# Self Sufficiency/Living off the Land or Off the Grid > Hunting & Trapping >  best wire for snares

## stusf12

Hi i am wondering which type of wire is best for small game snares, Rabbits, squirrels ect 
in the past i have used fishing wire wire and paracord, what do you recomend  i have heard that brass and stainless steel work well , personaly i just dont see how it would work, isnt it not flexible enough?

many thanks

----------


## kyratshooter

Here's an uashamed plug for the local merchant.

http://www.safezonellc.com/giwire.html

You can also use 24 guage brass or iron wire from the hardware store or picture hanging wire from Wallmart or any other source.

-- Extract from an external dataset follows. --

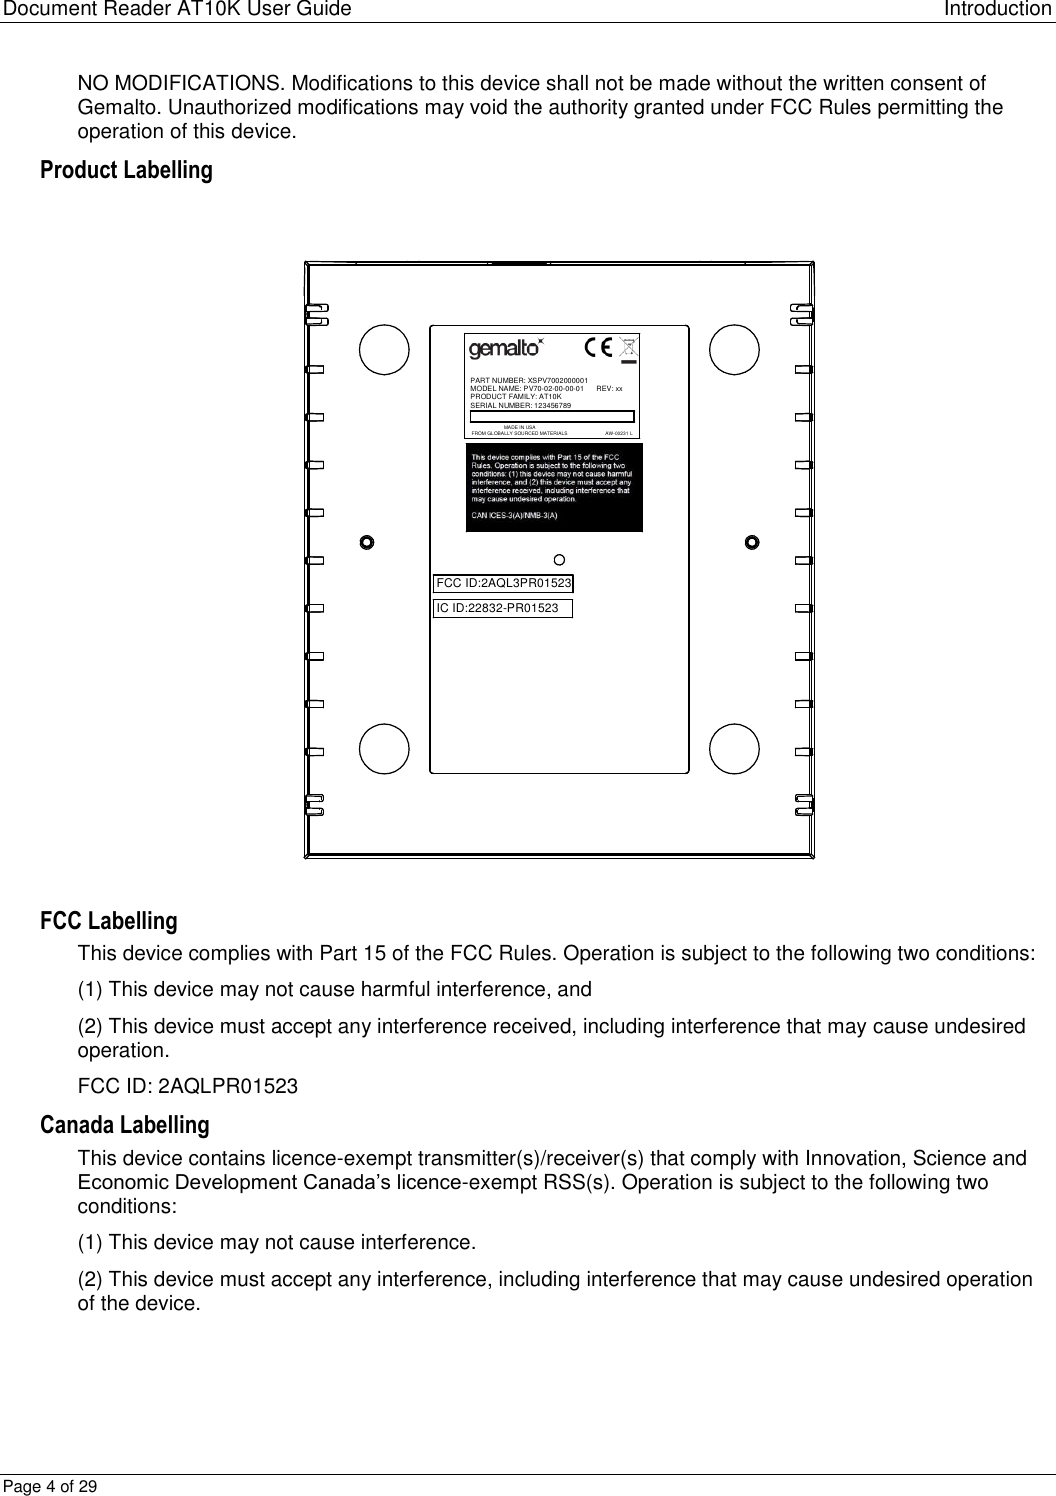 Document Reader AT10K User Guide Introduction Page 4 of 29 NO MODIFICATIONS. Modifications to this device shall not be made without the written consent of Gemalto. Unauthorized modifications may void the authority granted under FCC Rules permitting the operation of this device. Product Labelling  PART NUMBER: XSPV7002000001MODEL NAME: PV70-02-00-00-01      REV: xxPRODUCT FAMILY: AT10KSERIAL NUMBER: 123456789MADE IN USAFROM GLOBALLY SOURCED MATERIALS AW-00231 LFCC ID:2AQL3PR01523IC ID:22832-PR01523 FCC Labelling This device complies with Part 15 of the FCC Rules. Operation is subject to the following two conditions: (1) This device may not cause harmful interference, and (2) This device must accept any interference received, including interference that may cause undesired operation. FCC ID: 2AQLPR01523 Canada Labelling This device contains licence-exempt transmitter(s)/receiver(s) that comply with Innovation, Science and Economic Development Canada’s licence-exempt RSS(s). Operation is subject to the following two conditions: (1) This device may not cause interference. (2) This device must accept any interference, including interference that may cause undesired operation of the device.

Electrical wire stripped from car, airplane, atv or snow machine will also work in a pinch.

Believe it or not I have seen hand made cordage catch real life animals.  

Critters are usually not picky about what kills them.

----------


## southard

steel guitar string will work and one end is looped and the tensile strength is enough to withstand a thrashing animal

----------


## Rick

I've never used guitar string for snaring but I do know it will rust. I would assume piano wire could also be used. Lord knows it's been used for a lot of other nasty stuff.


22 or 24 gauge brass, copper or stainless steel wire will work just fine. Aircraft wire is used by some on here. All are flexible enough to shape as you need.

----------


## stusf12

ok thanks, would this work then   http://www.amazon.co.uk/Colored-Gaug...d_rhf_se_p_t_3

----------


## hunter63

Actually it doesn't have to be flexible,.... a stiff, but soft easily formed wire will hold a loop shape with out pinning in up/down or what ever.

A small eye loop, twisted on one end with the bidder loop threaded thru work really well....putting a fishing swivel some where between the loop and anchor will keep it from twisting off.

----------


## sh4d0wm4573ri7

If its usable and does the job, does it really matter what it is made of ? lol Just a thought I prefer picture wire or 24 gauge myselfI Must admit I have used many things to obtain a meal over the years. Use your imagination there are many things that make great snares and donot forget deadfalls a very handy way to a meal also.

----------


## Rick

To answer your question, yes, that will work.

----------


## SARKY

.020 or .025 stainless safety wire is plenty flexible enough.

----------